The view from my hotel room was so ruggedly beautiful, I kept expecting the Riders of Rohan to go charging by at any moment.


If you’re scratching your head and staring at your globe right now, don’t feel bad: with a population of only 1.2 million and a total area of around 6,000 square miles, the Kingdom of Swaziland is among the smallest countries in Africa. Even among those who are aware of its existence, it can be easy to overlook when traveling. But for a tiny place it can pack a mighty punch! (Or so I’m told.) There are many things to do in Swaziland! Game drives! Bungee jumping! ATV safaris! Birdwatching! Horseback riding! Abseiling! Potholing!

I have no idea what those last two are, and also, I did none of those things. Well … I did birdwatch a bit, from the comfort of my deck chair next to my hotel’s tiny-but-lovely swimming pool. Swaziland is completely gorgeous, and I fully support fellow travelers doing as many of these economic-growth-supporting tourism activities as possible, but for me, my Marvelous Things To Do in Swaziland list consisted entirely of …

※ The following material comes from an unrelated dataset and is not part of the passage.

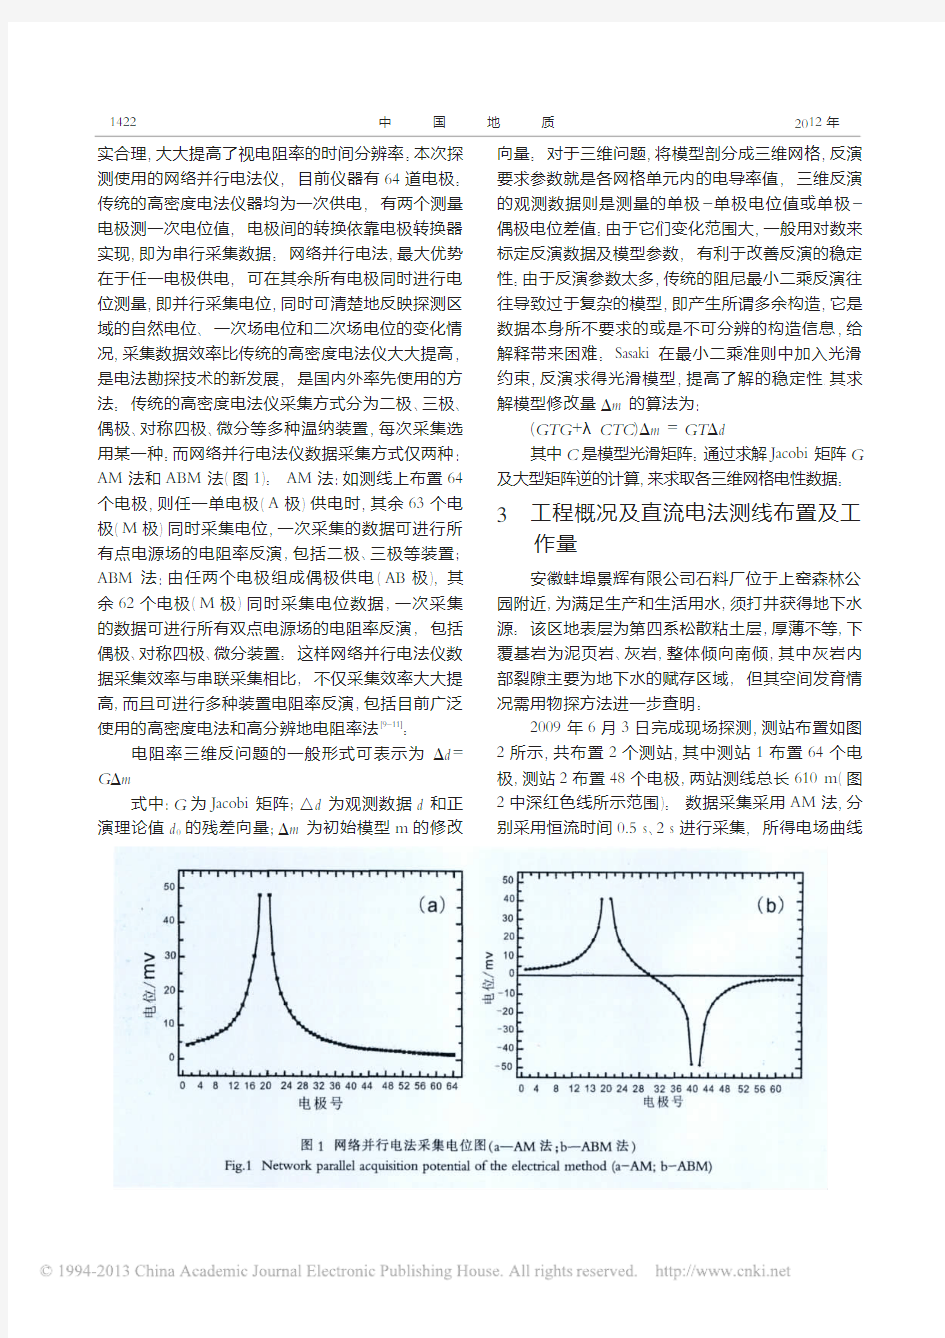 三维直流电阻率法在水源井探测中的应用研究_刘向红

1. Absolutely nothing. This may come as a shock to none some of you, but I’m a bit of an overzealous competitive type-A lunatic at times. I’m not high energy in the way an Australian Shepherd dog may be, but I’m cognitively restless, constantly leaping from one problem to the next in my mind, considering all contingencies. I tend to take on more than any sane person would. I can have trouble forcing myself to relax. I can demonstrate this in one simple anecdote: my senior year of college, my two best friends and I took a spring break trip to Las Vegas, a city that delights in its own meaningless hedonism and cheerily spits on responsibility. One afternoon, we were all super hungover a smidge tired, so we adjourned to our hotel to nap and refresh before another night of male strippers and cocktails at Tao Nightclub.

If you had quietly crept into my room that afternoon, you would have found me sunk to my clavicle in a deep marble bathtub, the lights dimmed, mounds of efflorescent bubbles forming miniature landscapes across the water’s surface, a Norah Jones playlist drifting from my laptop speakers, a mass of honey-blonde hair piled in a haphazard though sensuous topknot atop my head, a stemmed glass of chilled Reisling in one hand … and the other holding a soggy paperback copy of writer/Sudanologist Alex de Waal’s Famine Crimes: Politics & The Disaster Relief Industry. An eye-meltingly bright orange highlighter was clenched in my teeth. Every so often, I’d set my reading down and lurch sideways, sloshing steamy scented water onto the gold-and-cream tiled floor, so I could hit the “refresh” button on my laptop and see if my applicant status with the Peace Corps had changed yet. My friends and I had pledged on pain of death and banishment that we would not discuss – nay, acknowledge the existence of – our undergraduate dissertations while on vacation, but there was always more work to be done, right? I had at least another 20,000 words worth of term papers to write. No one had to know I was throwing away my vacation on them.

I had no “off” switch.

I tell you all this to make a simple point: relaxing and letting the world go by has never come easily to me. However, Peace Corps taught me patience, and helped me learn that if I didn’t calm down once in awhile I would probably go completely insane and pop like an overfilled water balloon. The past two months have been an incredible ride, but also a very busy one; I will have no other other opportunity to chill in quite this way, I imagine, until I come skidding to an abrupt halt in the US at the very end of this month. (And even there, it’s a brief break to breathe before the dreaded PhD program applications start.) So in Mbabane, I gave myself time to regenerate energy and reflect on my experiences so far. I sat by the pool. I watched the birds. I read two books from start to finish. I dabbed tea tree oil on the innumerable cuts/scrapes/scratches/bruises/minor flesh wounds that had resulted from me getting royally thrashed about in the shark cage (moderately rough seas that day.) I drank Diet Coke and inconspicuously watched other people play chess.

I loved every minute of it.

After the heady adrenaline rush of a long adventure, I strongly suggest you do the same.